Я повернулся к парням. У всех троих вместо галстуков висели
на шее шнурки, а один был даже с усиками. Мой Димка ни за что не нацепил бы на
себя шнурок. Все, что угодно, он может нацепить на себя, но не такую похабную
веревочку. Парни смотрели на меня, словно прикидывали, на что я способен.
Потом они поскучнели и равнодушно отвернулись.
Мы входим в парк. Я люблю красные дорожки парка, и его
аккуратные клумбы, и фонтаны, и лебедей, люблю ходить по аллеям и
останавливаться возле киосков, аттракционами пользуюсь изо всех сил и пью пиво,
люблю ходить в парк вместе с Шурочкой.
У входа возле столба с репродуктором стоит толпа. Лица у
всех какие-то одинаковые.
– Любого агрессора, проникшего на нашу священную,
обильно смоченную кровью землю ждет плачевная участь. Мы имеем в распоряжении
достаточно сил и средств для того, чтобы…

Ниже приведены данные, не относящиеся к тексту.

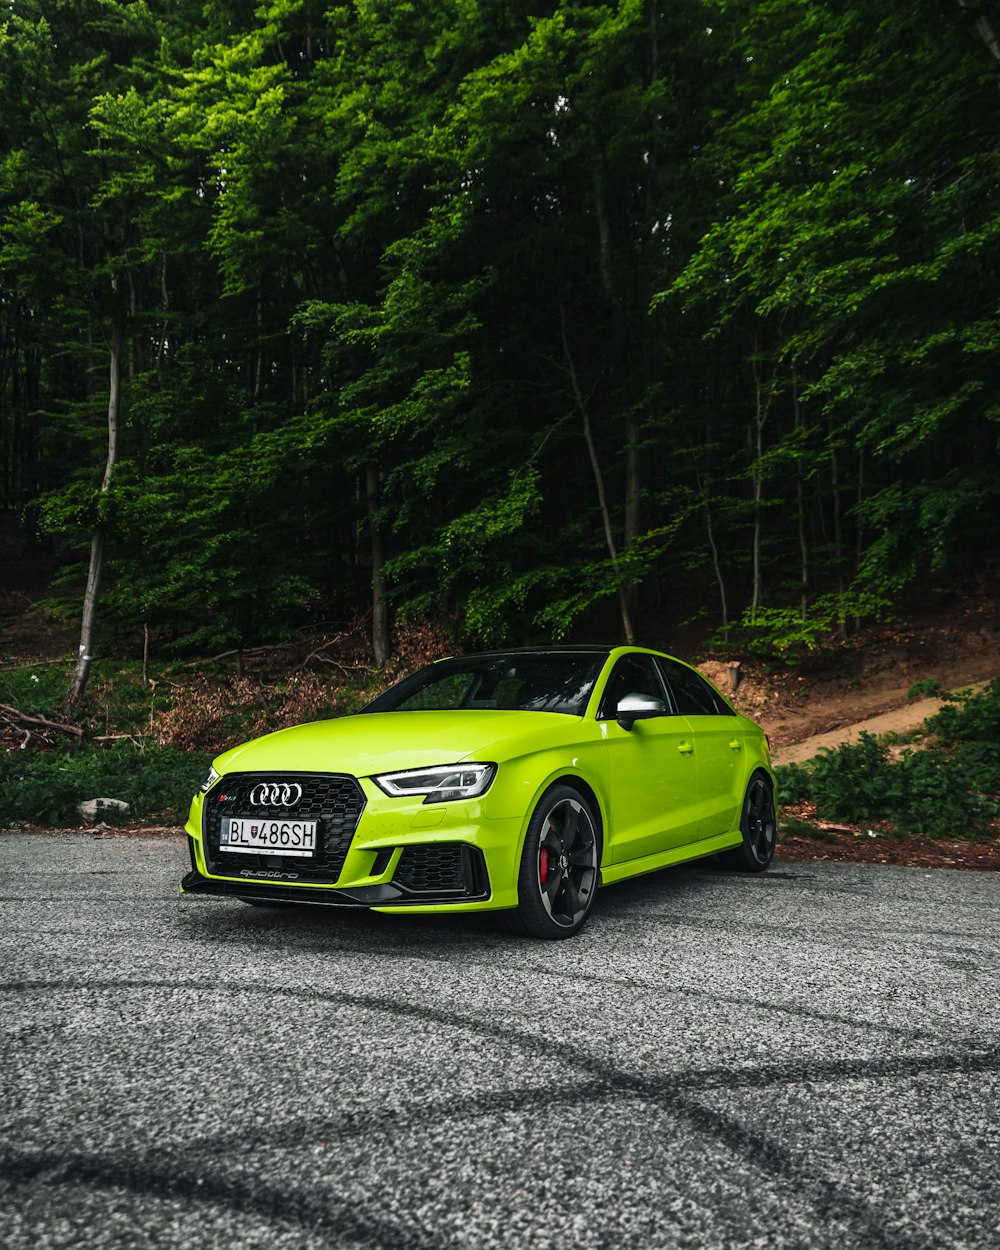 Audi coupé verde en la carretera durante el día
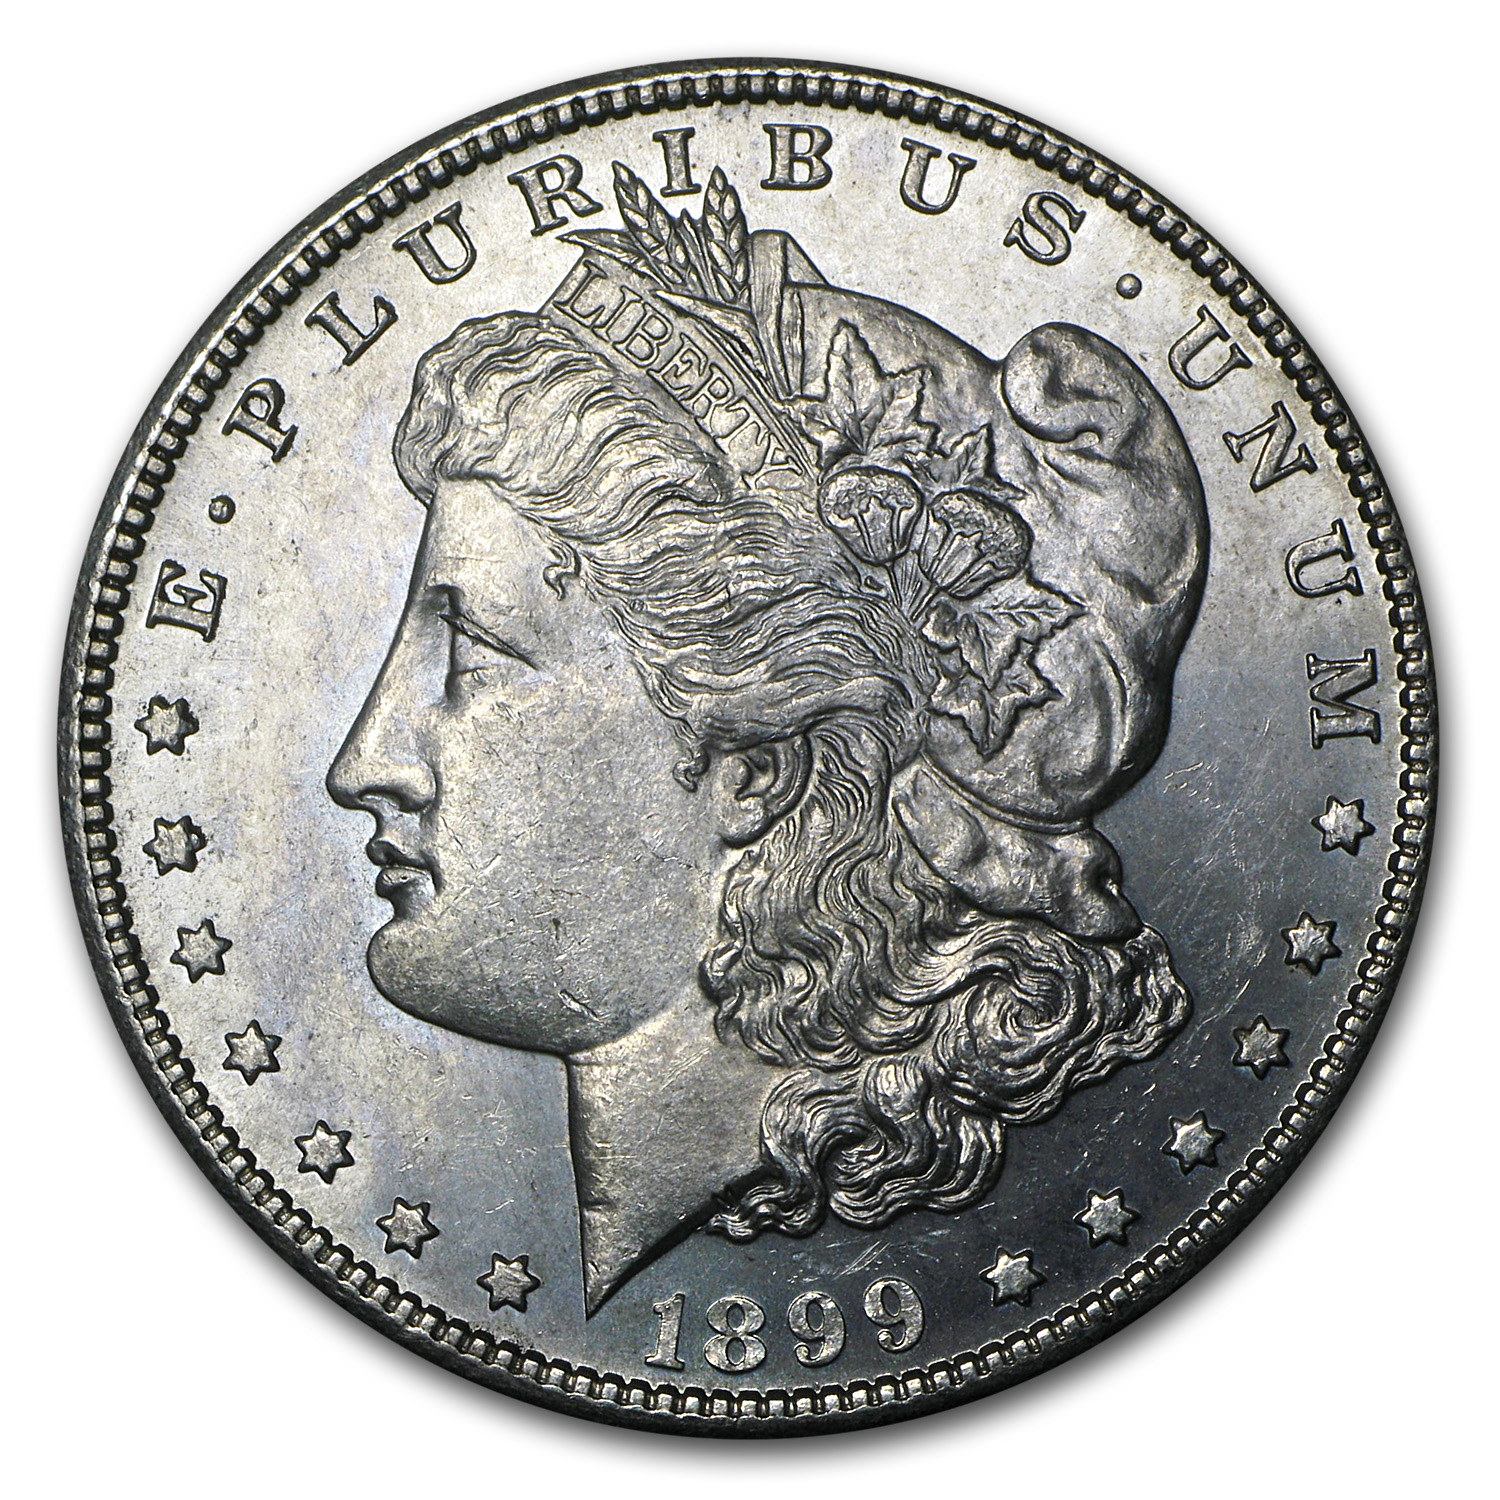 Buy 1899 Morgan Dollar BU

Я слушаю голос диктора и смотрю вокруг на лица людей. Потом
смотрю вдаль, где на фоне вечернего неба вращается гигантское «колесо
обозрения». В шестидесяти четырех кабинках этого колеса сейчас беспечно хохочут
и ойкают от притворного страха люди. Из глубины парка несется джазовая музыка,
движется колесо, и движется весь наш шарик, начиненный загадочной смесью.
Движется парк, и мы движемся, люди в парке. Там мы смеемся,
а здесь мы молчим. Соотношение всех этих движений, – попробуй разобраться.
Джаз и симфония. Вот оно, наше небо, пригодное для фейерверка и для взлета
больших ракет.
Глава 2
Я люблю этот город вязевый.
Пусть обрюзг он и пусть одрях,
Золотая дремотная Азия
Опочила на куполах, –
вспоминаю я, наблюдая бесконечную карусель машин на
привокзальной площади. Отсюда, с моста, виден большой кусок этого «вязового»
города.
Вокзал еле успевает откачивать людские волны помпами
электричек. Автомобилям несть числа. Площадь слепит огнями, неподвижными и
мелькающими, а на горизонте исполинские дома мерцают, как строй широкогрудых
рыцарей. Дремотная Азия! Поэт, вы не узнаете вашего города. Пойдемте по улицам.
Вам немного не по себе? Вам страшно? Я понимаю вас. Я понимаю страх и
растерянность приезжих на этих улицах. Мне, может быть, самому бы стало
страшно, если бы я не любил этот город. Именно этот город, который забыл, что
он был когда-то тихим и «вязевым».
– Пойдем, – говорит Борис, – что ты оцепенел?
Не люблю я, когда ты так цепенеешь.
Мы спускаемся в метро. В потоке людей идем по длинному
кафельному коридору. Навстречу нам другой поток. Если прислушаться, шлепанье
сотен шагов по кафельному полу напомнит шум сильного летнего дождя. Обычно мы,
москвичи, не слышим этих звуков. Для нас это тишина. Мы реагируем только на
резкие раздражители. Я мечтаю о дожде, может быть, поэтому я его и слышу. Он
настигает совсем недалеко от дачи, и ты этаким мокрым чучелом вваливаешься на
веранду, где пьют чай. Я мечтаю об отпуске.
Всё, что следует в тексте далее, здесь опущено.